Her daring and inexplicable escape from O’Neil’s fenced-in yard had prompted an outpouring of concern and a mobilization of volunteers Monday night. They scoured the Warwick-East Greenwich border area to find her in the sort of operation that she usually leads — snout first.
But all was well that ended well: O’Neil was ecstatic to be reunited with Ruby, and even more aware than usual that while Ruby is a working dog, she is still a dog.
“With the big hug I gave her when we put her back into the car, she was very happy to be home,” said O’Neil at a press conference at the Wickford Barracks, as Ruby barked hello at the reporters, sniffed their microphones and flopped around on the ground.
Ruby is one of more than a dozen dogs that the Rhode Island State Police use for various operations, like detecting drugs or bombs. She specializes in search and rescue missions; on Monday night into Tuesday, she was sought and rescued.
O’Neil said he let Ruby and his new puppy, a 6-month-old white Swiss shepherd, play in the fenced-in back yard while he put up Christmas decorations in the front yard at about 10 a.m. He was off duty at the time. The new puppy then came around to the front yard — without Ruby. Ruby was gone, somehow escaping from the eight-foot-high stockade fencing.
It was the first time in their eight years together that something like this has ever happened, O’Neil said.
At about 1 a.m. Tuesday, a neighbor called the state police to report Ruby was in his back yard. O’Neil responded himself.
By the time she got back home, Ruby was in perfectly good health. In fact, she didn’t seem to miss a beat. Later Tuesday she was going to do a demonstration for some local kids of what the collie and Australian shepherd mix is capable of.
It’s the sort of work that Ruby does when she is wearing the badge-adorned collar. Ruby gained national attention when she helped find a boy who had gone missing in Glocester, potentially saving his life.

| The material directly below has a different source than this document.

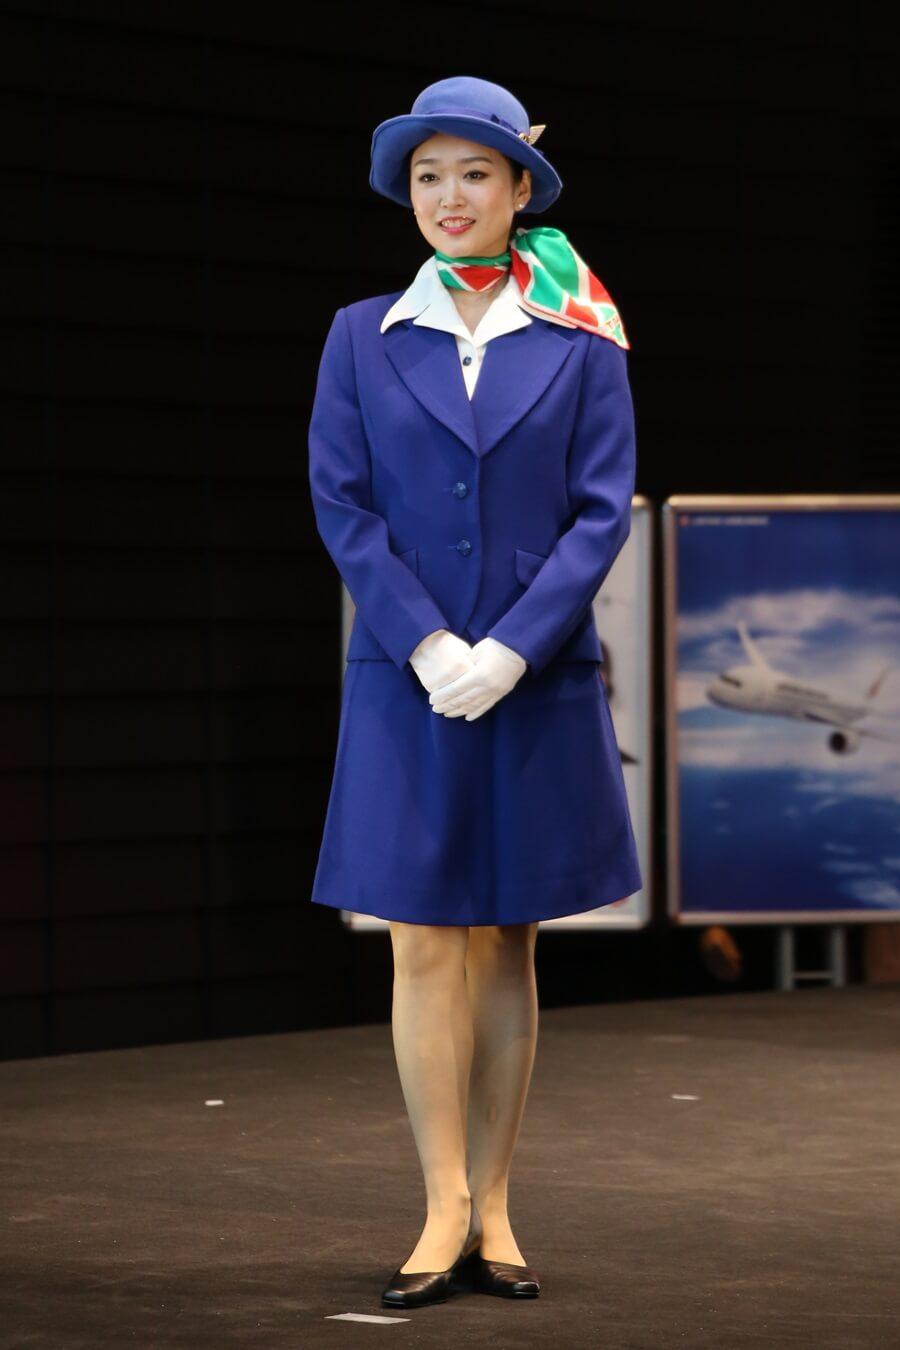 JAS3代目制服 JALとJEX客室乗務員歴代制服ファッションショー 客室乗務員 スチワーデス 歴代ユニフォーム 制服 空の日フェスティバル JAL fashion show JAS (2)

The hero pooch flew across the country, appeared on television shows, kicked up her paws in a fancy hotel. The life of luxury had humble canine beginnings: She was a shelter dog who was adopted and returned five times until those who cared for her realized that someone should put all that energy to work.
But when the police collar isn’t on, she’s been a cherished member of O’Neil’s family, so the hours that she was missing were particularly difficult for him.
Acting State Police Captain Chris Schram said O’Neil would not face discipline over the incident. He said the police would likely review O’Neil’s fence, and would also try to figure out whether they should outfit all police dogs with microchips or GPS collars that make them easier to track. Not all state police dogs have microchips. Ruby does not have one.
Schram said everyone who searched for the dog was on duty or volunteering, so the search didn’t cost the taxpayers anything. The incident won’t interfere with Ruby’s ability to get back to work, Schram said.
Threats to police animals tend to receive concern and attention on the level of threats to police officers themselves — perhaps, police officials will sometimes joke, even more so.
“They don’t ask for anything in return,” O’Neil said. “They go out there every day and they try to make a difference in the world…All they want in return is a good home and love.”